If you ever receive a boil-water notice, bringing water to a rolling boil for one minute kills parasites like cryptosporidium that chlorine alone doesn’t fully eliminate.

Do You Need a Water Filter?

The Drinking Water Inspectorate’s position is clear: tap water in England and Wales is safe to drink and there is no need to install additional treatment in the home as a health protection measure. For most people, a filter is a matter of taste preference rather than safety.

If you do choose a filter, be aware of some trade-offs. Water softeners add sodium and can make water less suitable for drinking. Artificially softened water should not be used to prepare baby formula. Reverse osmosis systems strip out minerals along with contaminants, and the World Health Organisation recommends adding minerals back if you plan to drink RO-treated water regularly. Simple carbon filters, the jug-style ones, are the most straightforward option for improving taste by reducing chlorine.

How to Check Your Local Water Quality

If you have concerns, your water company is the first point of contact. Companies test water daily in your area and will share results free of charge on request. If you report a specific problem, they’ll usually send someone to take a sample from your tap.

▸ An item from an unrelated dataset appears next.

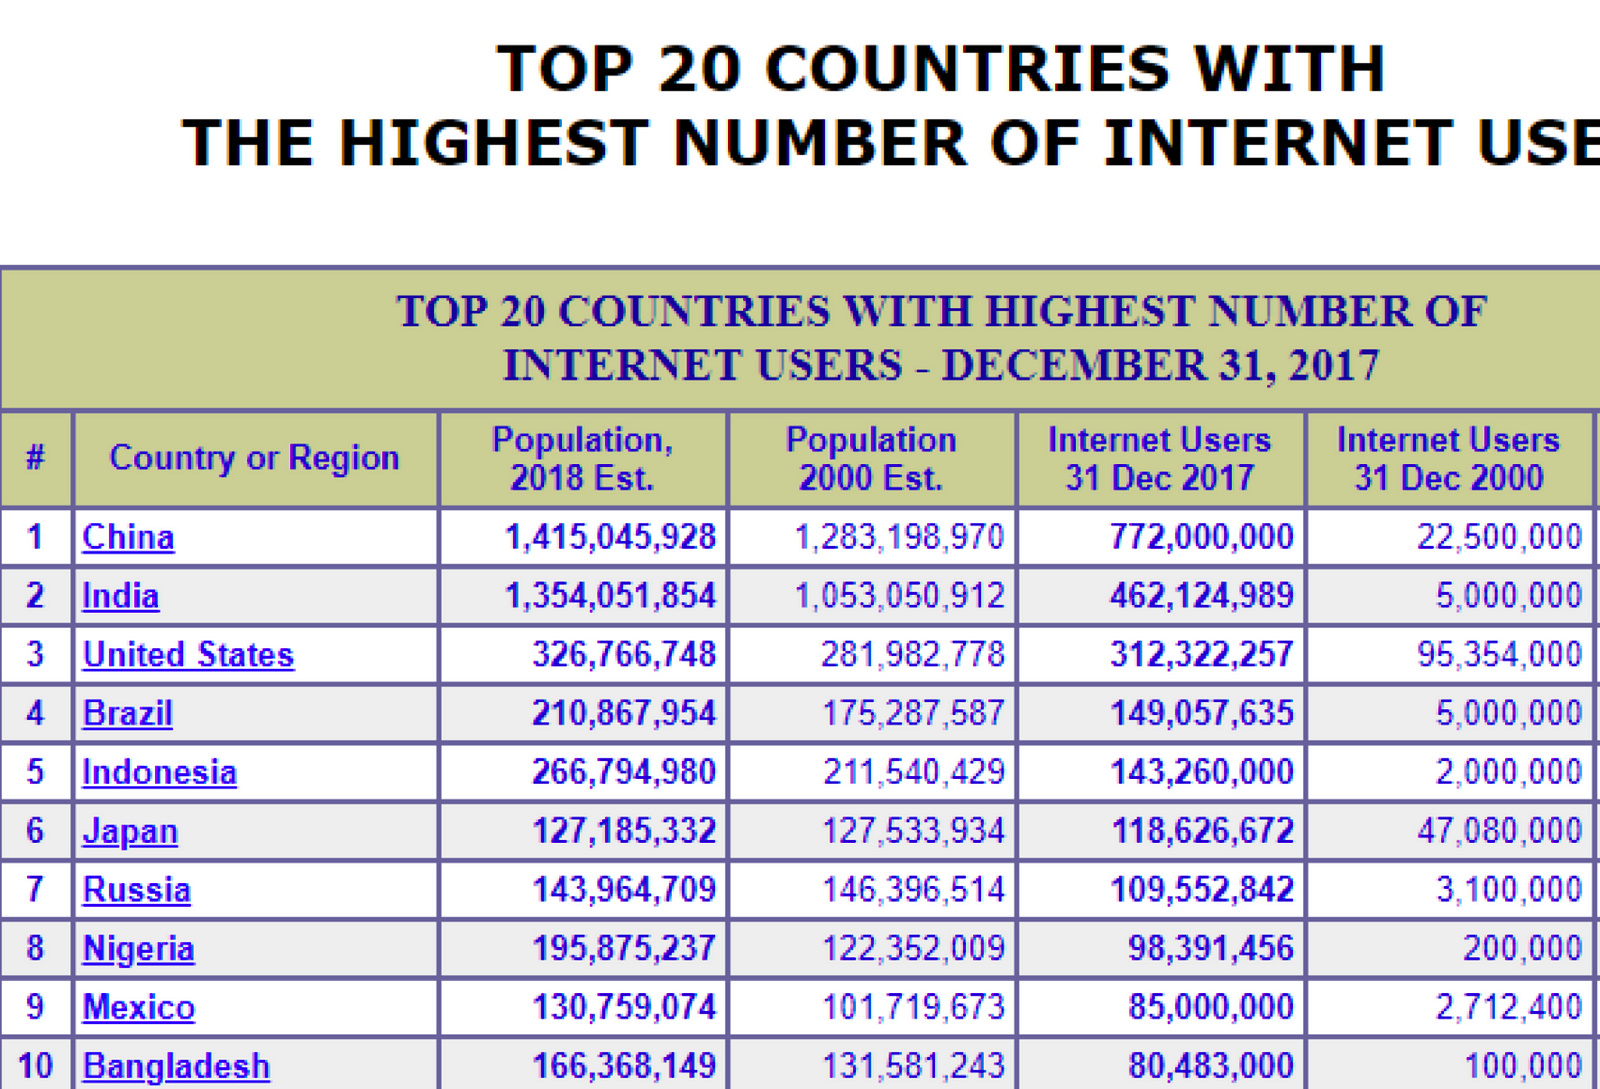 Nigeria is 8th largest Internet Country (by the number of Internet users) in the world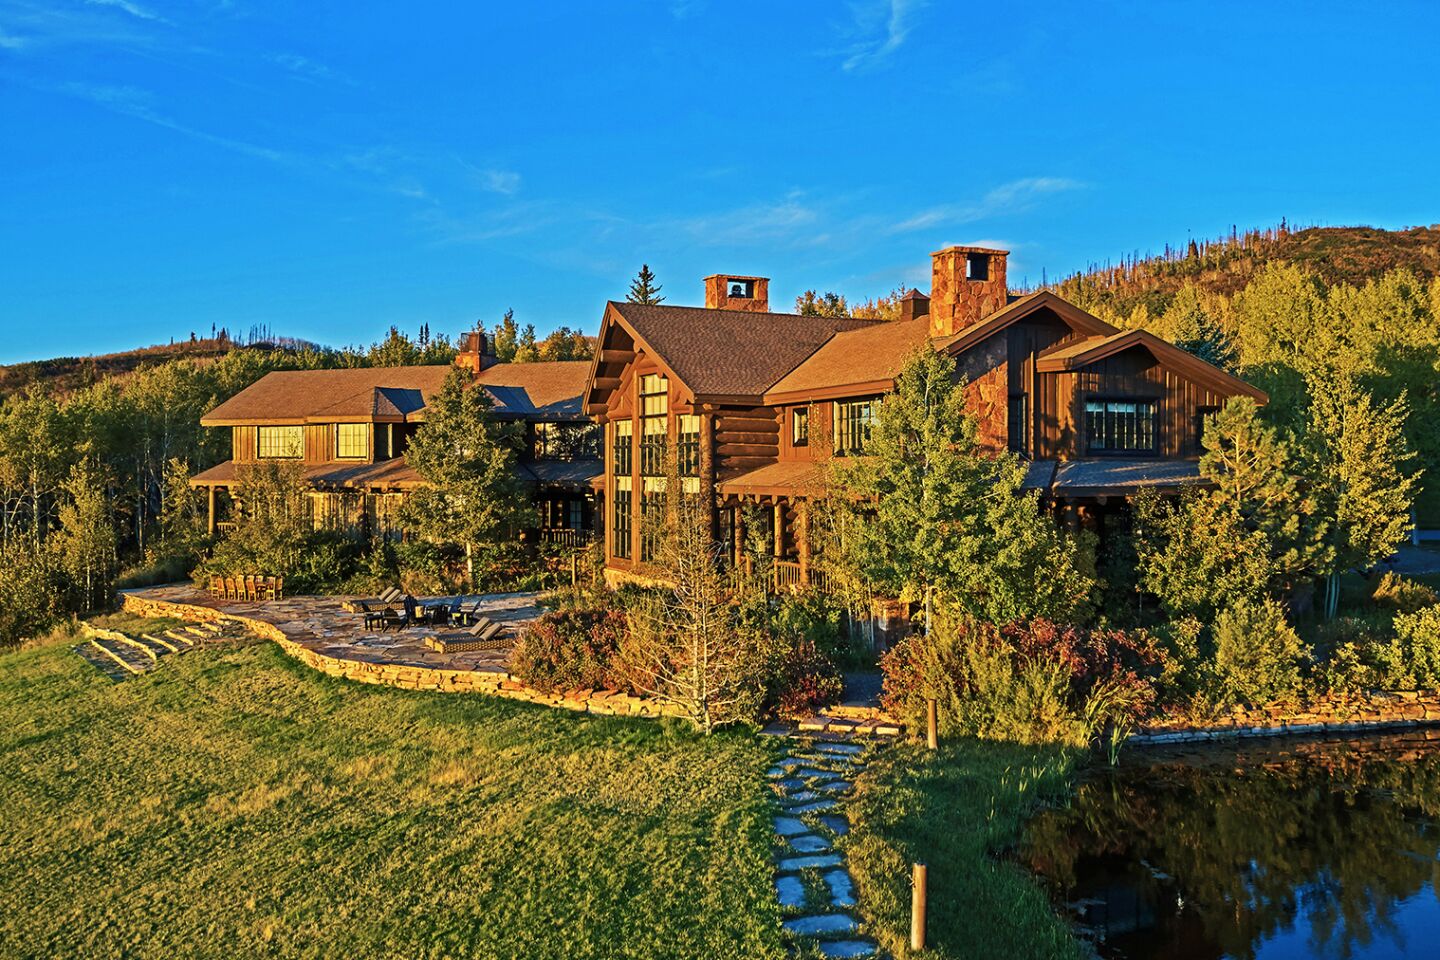 The lodge has 13,907 square feet.

For private water supplies (wells, boreholes, springs), your local authority can advise on testing and arrange it. Private supplies had a compliance rate of 99.12% in Northern Ireland in 2024, slightly lower than the public supply. If you want to test independently, the Drinking Water Inspectorate recommends using a UKAS-accredited laboratory rather than DIY kits, since proper sample collection and accredited analysis are essential for reliable results.